Molecular and Computational Biology, Department of Biological Sciences, University of Southern California, Los Angeles, CA, USA.
Bioinformatics. 2014 Oct 15;30(20):2949-55. doi: 10.1093/bioinformatics/btu405. Epub 2014 Jun 27.
Several technical challenges in metagenomic data analysis, including assembling metagenomic sequence data or identifying operational taxonomic units, are both significant and well known. These forms of analysis are increasingly cited as conceptually flawed, given the extreme variation within traditionally defined species and rampant horizontal gene transfer. Furthermore, computational requirements of such analysis have hindered content-based organization of metagenomic data at large scale.
In this article, we introduce the Amordad database engine for alignment-free, content-based indexing of metagenomic datasets. Amordad places the metagenome comparison problem in a geometric context, and uses an indexing strategy that combines random hashing with a regular nearest neighbor graph. This framework allows refinement of the database over time by continual application of random hash functions, with the effect of each hash function encoded in the nearest neighbor graph. This eliminates the need to explicitly maintain the hash functions in order for query efficiency to benefit from the accumulated randomness. Results on real and simulated data show that Amordad can support logarithmic query time for identifying similar metagenomes even as the database size reaches into the millions.
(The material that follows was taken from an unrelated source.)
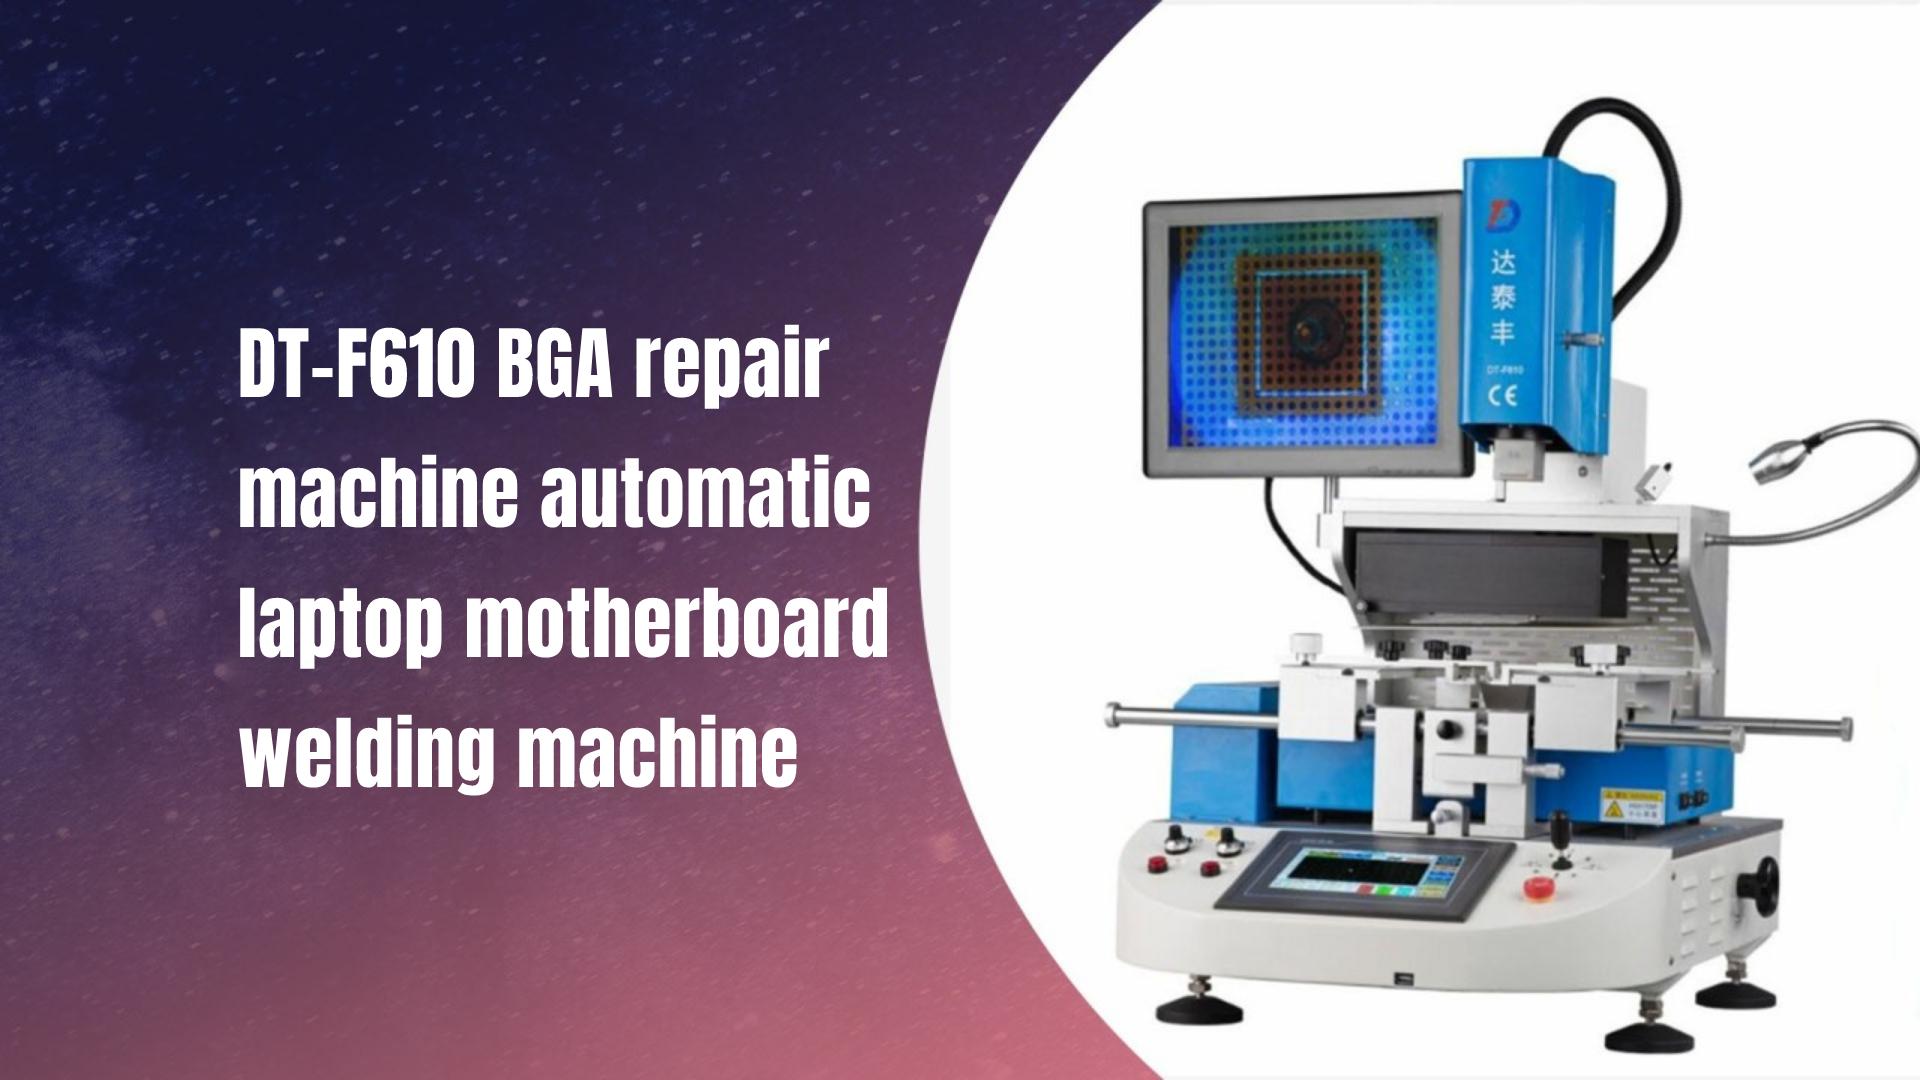 เครื่องซ่อม DT-F610 BGA แล็ปท็อปอัตโนมัติเครื่องเชื่อมเมนบอร์ด

Source code, licensed under the GNU general public license (version 3) is freely available for download from http://smithlabresearch.org/amordad
Supplementary data are available at Bioinformatics online.
宏基因组数据分析存在一些技术挑战,包括组装宏基因组序列数据或识别操作分类单元,这些挑战都很重要且广为人知。鉴于传统定义的物种内存在极端变异和猖獗的水平基因转移,这些形式的分析被认为在概念上存在缺陷。此外,此类分析的计算要求阻碍了大规模基于内容的宏基因组数据分析。
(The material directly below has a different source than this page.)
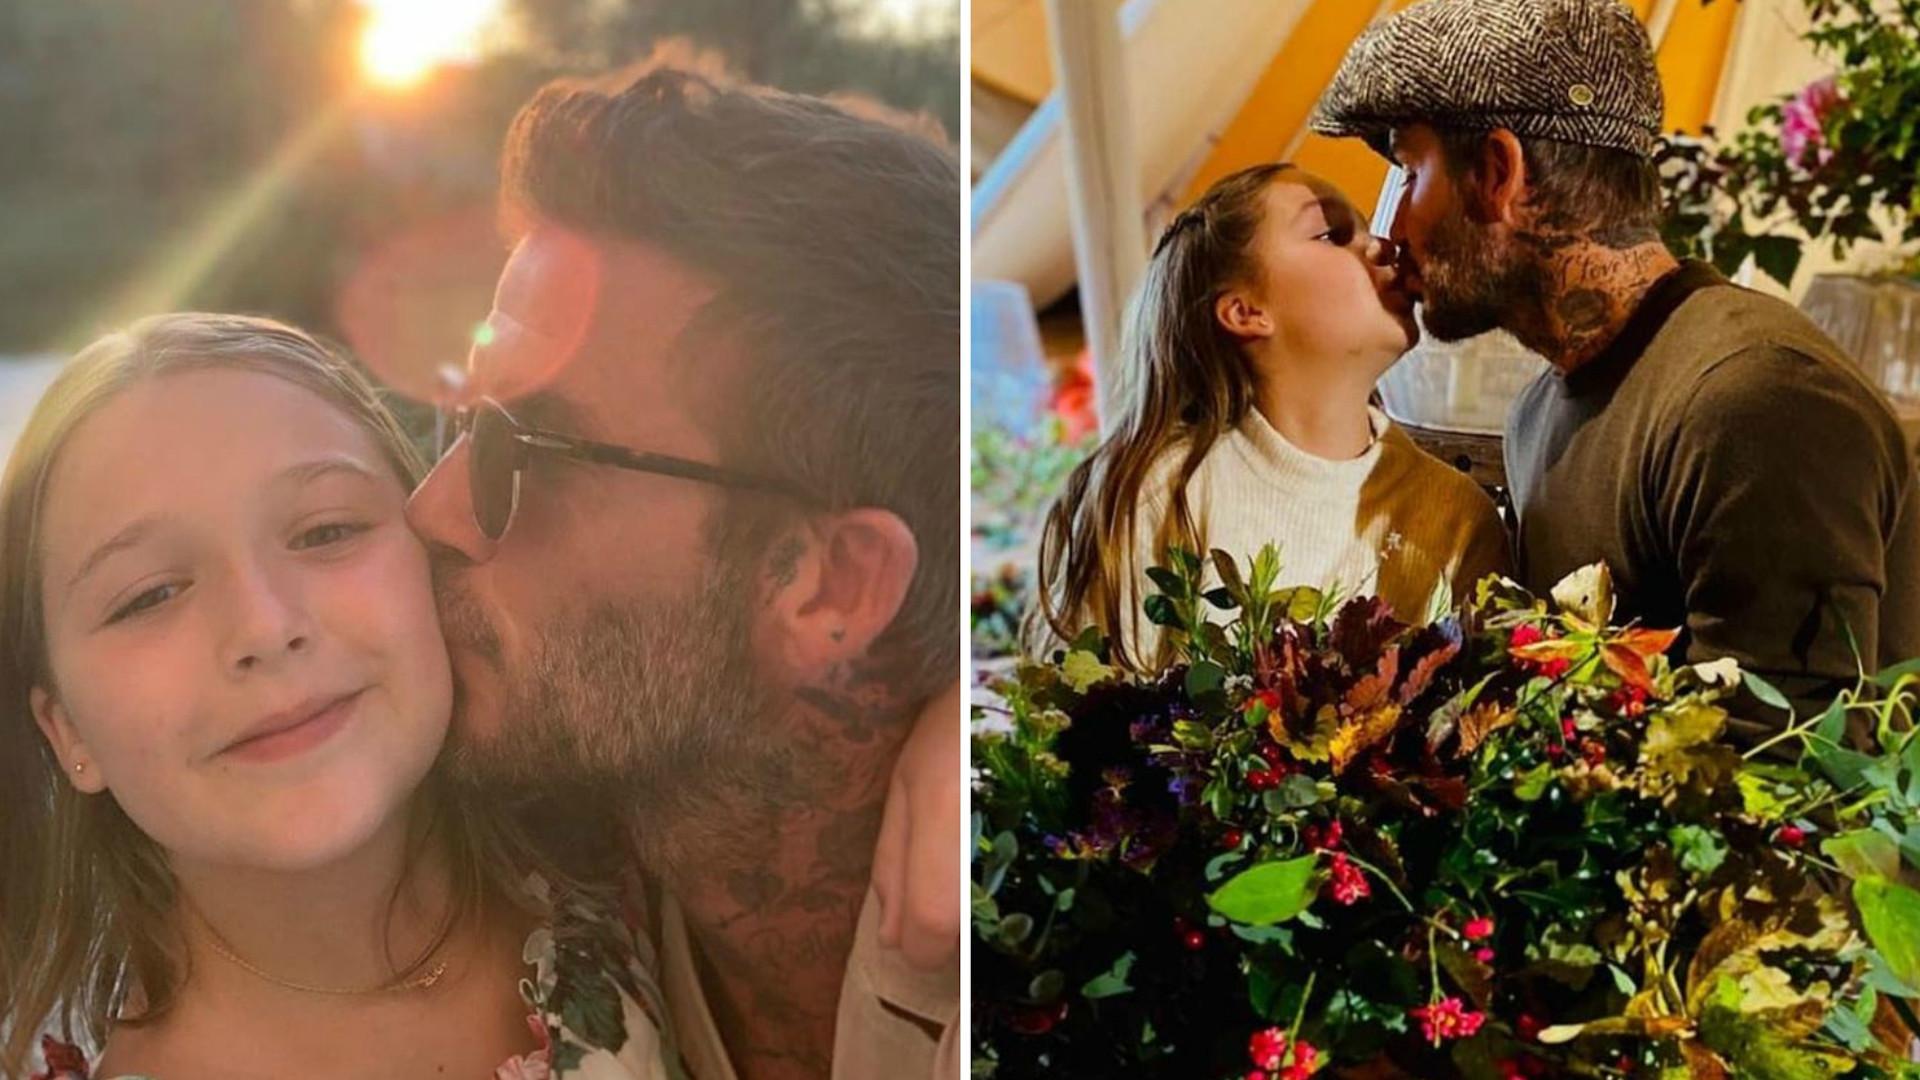 David Beckham skrytykowany. Poszło o CAŁOWANIE w usta 9-letniej córki

在本文中,我们介绍了 Amordad 数据库引擎,用于无比对、基于内容的宏基因组数据集索引。Amordad 将宏基因组比较问题置于几何环境中,并使用一种索引策略,该策略将随机哈希与正则最近邻图相结合。该框架允许通过持续应用随机哈希函数来随时细化数据库,每个哈希函数的效果都编码在最近邻图中。这消除了为了从累积的随机性中受益而需要显式维护哈希函数的需求。在真实和模拟数据上的结果表明,即使数据库大小达到数百万,Amordad 也可以支持对数查询时间来识别相似的宏基因组。
根据 GNU 通用公共许可证(版本 3)获得许可的源代码可从 http://smithlabresearch.org/amordad 免费下载。
补充数据可在 Bioinformatics 在线获得。